NEW YORK (TheStreet) -- Goldman Sachs (GS) shares have been driving higher into 2013 on optimism of a recovering economy, investor inflows into stock markets and expectations that the standalone investment bank is well positioned for an eventual merger and acquisition wave.
While fourth quarter earnings are likely to show Goldman Sachs at the head of the Wall Street pack when it comes to underwriting and trading revenue, the bank still has room to prove to investors it stands apart from peers such as Morgan Stanley (MS).
Notably, Goldman is one of just a handful of banks that's been able to deploy excess capital to reduce its share count in recent years, helping to return its earnings per share to pre-crisis levels, even if other metrics like absolute revenue and return on equity remain well below 2007 levels.

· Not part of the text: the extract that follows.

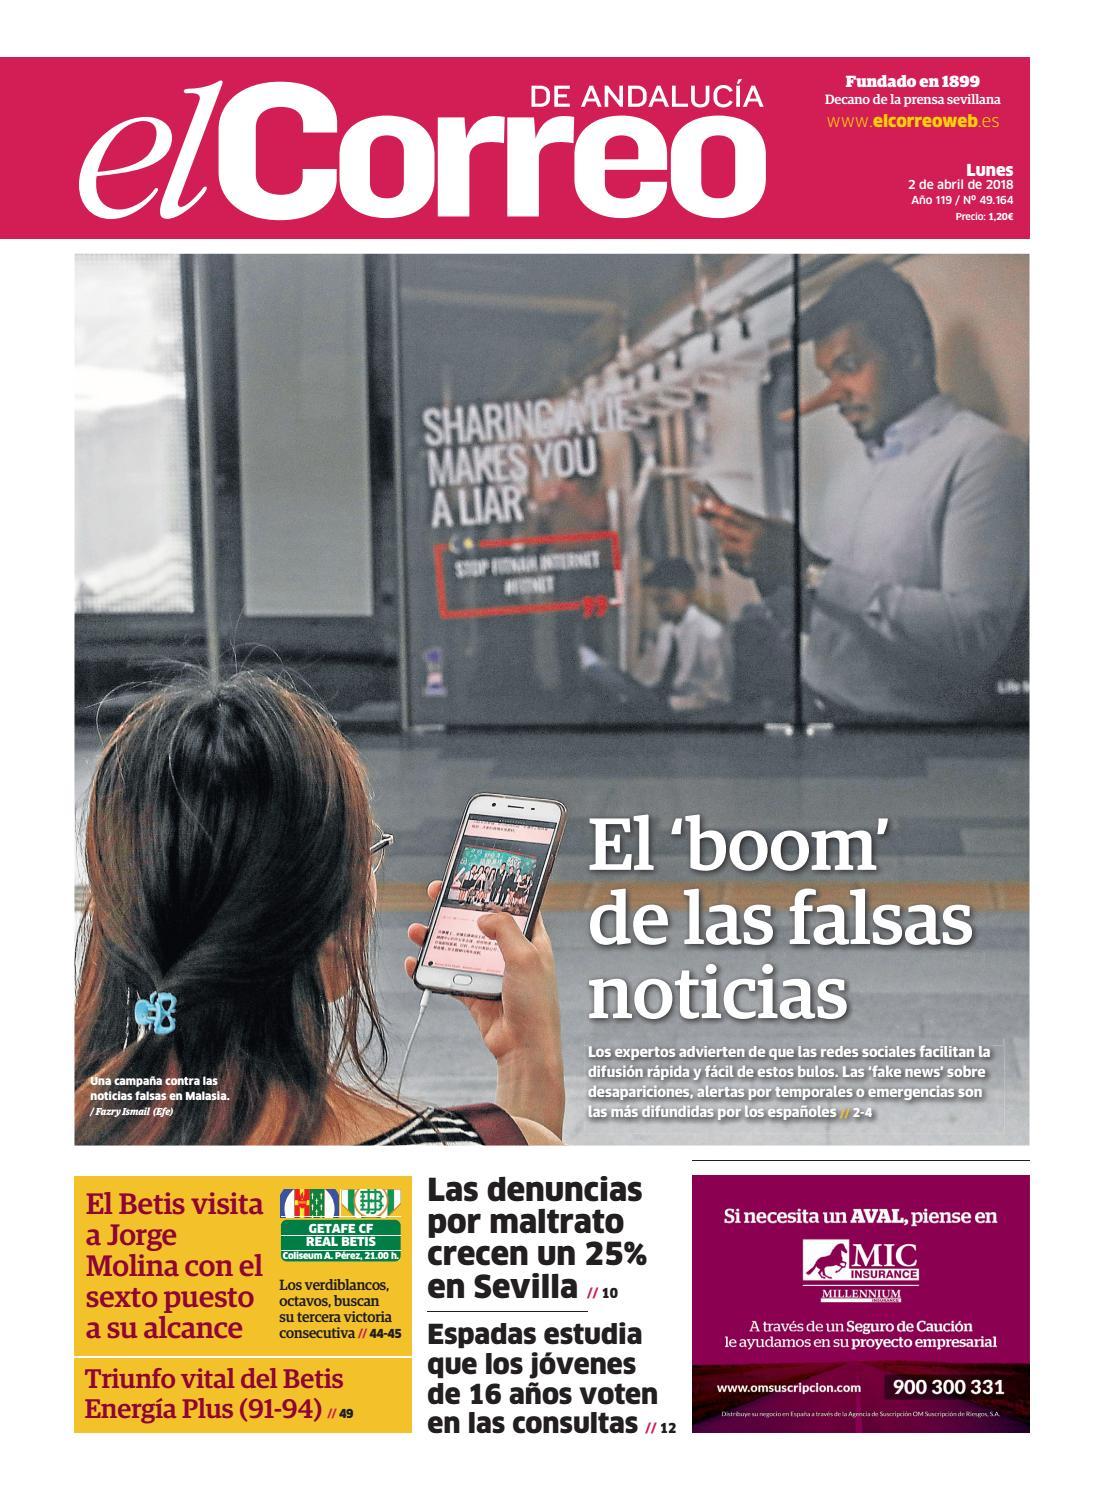 c8e8f0195 02.04.2018 El Correo de Andalucía by EL CORREO DE ANDALUCÍA S.L. - issuu

As Goldman focuses on right sizing its expense and balance sheet, investors should pay attention to capital returns -- and share buybacks in particular -- as a key part of the bank's share performance in 2013 given uncertainty surrounding trading and investment banking revenue."[Goldman] should be able to step up their share repurchases and dividend payments," says Michael Wong, an equities analyst with Morningstar, of his expectation of greater capital returns in 2013. Wong notes that given the cyclicality of Goldman's earnings, the bank generally prefers share repurchases over dividend payouts, which are harder to change in uncertain economic environments. Currently, Goldman, like its large cap banking peers, has submitted a capital plan for the Federal Reserve's that will drive any added share repurchases or dividends in 2013. Already, Goldman has been able to deliver predictable share repurchases that go straight to the bottom line for shareholders. A Jan. 14 analysis by bank research firm KBW shows that among banks submitting capital plans to the Fed, Goldman is one of just five firms that's been able to consistently reduce its share count through share repurchases in the wake of the crisis. Meanwhile, in 2012, the KBW analysis shows Goldman is one of just seven banks who's total payout ratio of dividends and net repurchases is greater than 50% of profits. "This group of large-cap banks are positioned well for total return investors, in our view, and will likely be added as core holdings to portfolios in 2013," writes KBW analyst Frederick Cannon, in the client research note. Such expectations contrast sharply with Goldman's main standalone investment banking competitor Morgan Stanley that -- like Bank of America Merrill Lynch (BAC) -- has seen its share count exceed overall asset growth. "[Capital] management will be critical in a slow-growth, highly regulated, banking world... the most successful banks will need to be reducing shares outstanding to achieve strong EPS growth," Cannon adds.